# what's it name?



## changyujie (Mar 12, 2006)

who can tell me?


----------



## Margarret (May 3, 2007)

Budapest tumblers I think.

Margarret


----------



## TAWhatley (Mar 6, 2001)

Thanks, Margarret .. I was drawing a blank! Here's a link to a site with some very good pictures of this breed: http://webpages.charter.net/budapesttumblers/

Terry


----------



## Maggie-NC (Jun 22, 2005)

Grandma, what big eyes you have!

These are so unusual. I had never seen them before.


----------



## Fancyfowl4ever (Oct 6, 2006)

they remind me of those goldfish that got those popped out eyes..... makes me think someone hugged them too hard.

Sure look neat tho.


----------



## Pixy (Mar 29, 2005)

budapest tumblers.
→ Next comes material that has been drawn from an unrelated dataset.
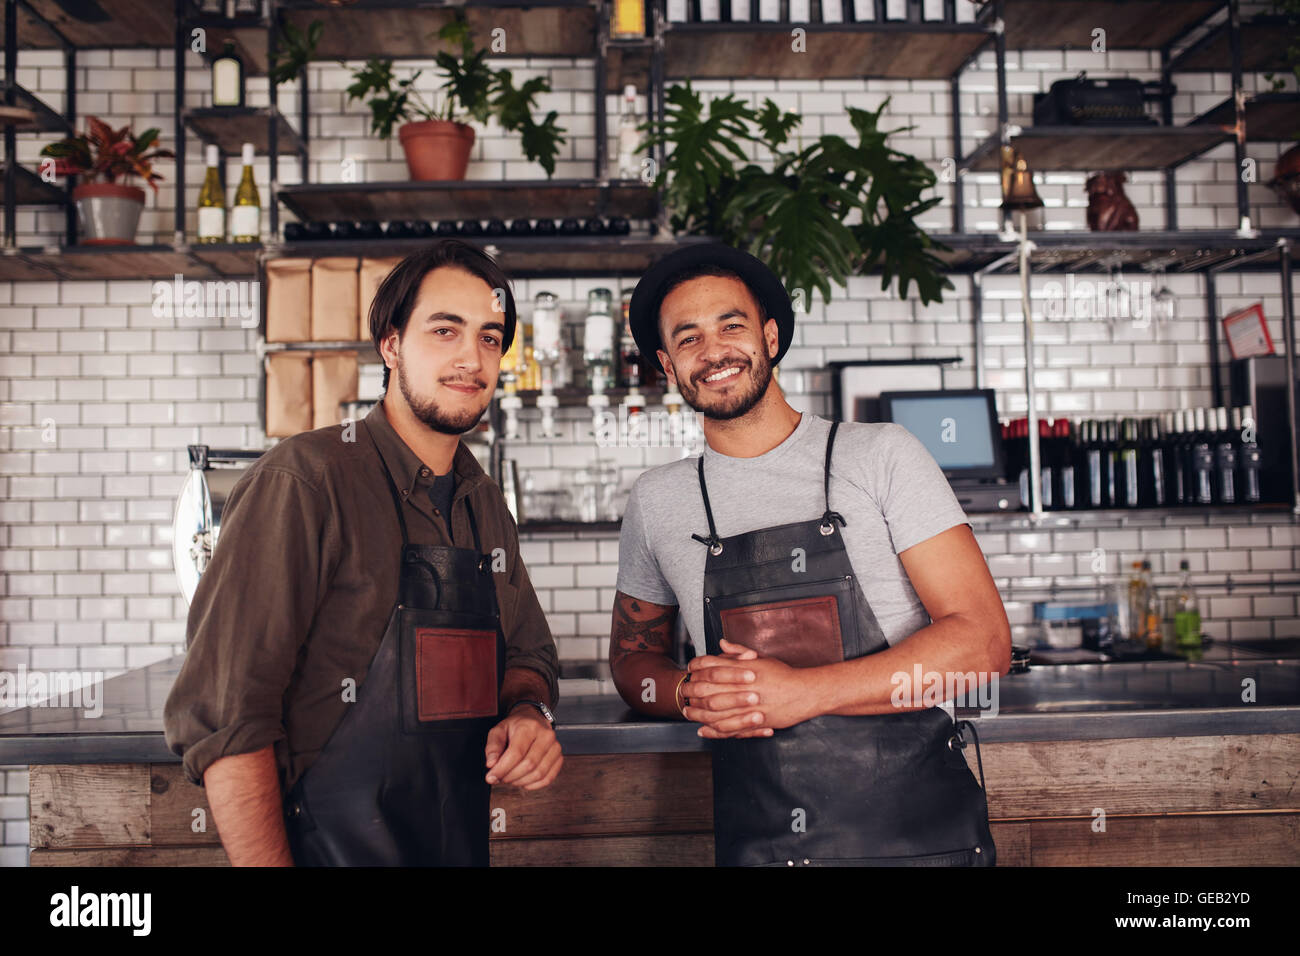 Porträt von zwei jungen Coffee-Shop-Besitzer an der Theke. Cafe Partner zusammenstehen und Blick in die Kamera. Stockfoto

Stork colored i think. worth good money


----------



## Skyeking (Jan 17, 2003)

*Extra Terestrial Pigeons*

They sure remind me of "ET phone home". I think they are SO unique.


----------



## changyujie (Mar 12, 2006)

*thanks*

thanks everyone !


----------



## Jiggs (Apr 1, 2005)

Interesting looking birds I must say!!!


----------



## egyptianswift (Mar 12, 2007)

budapest short face


----------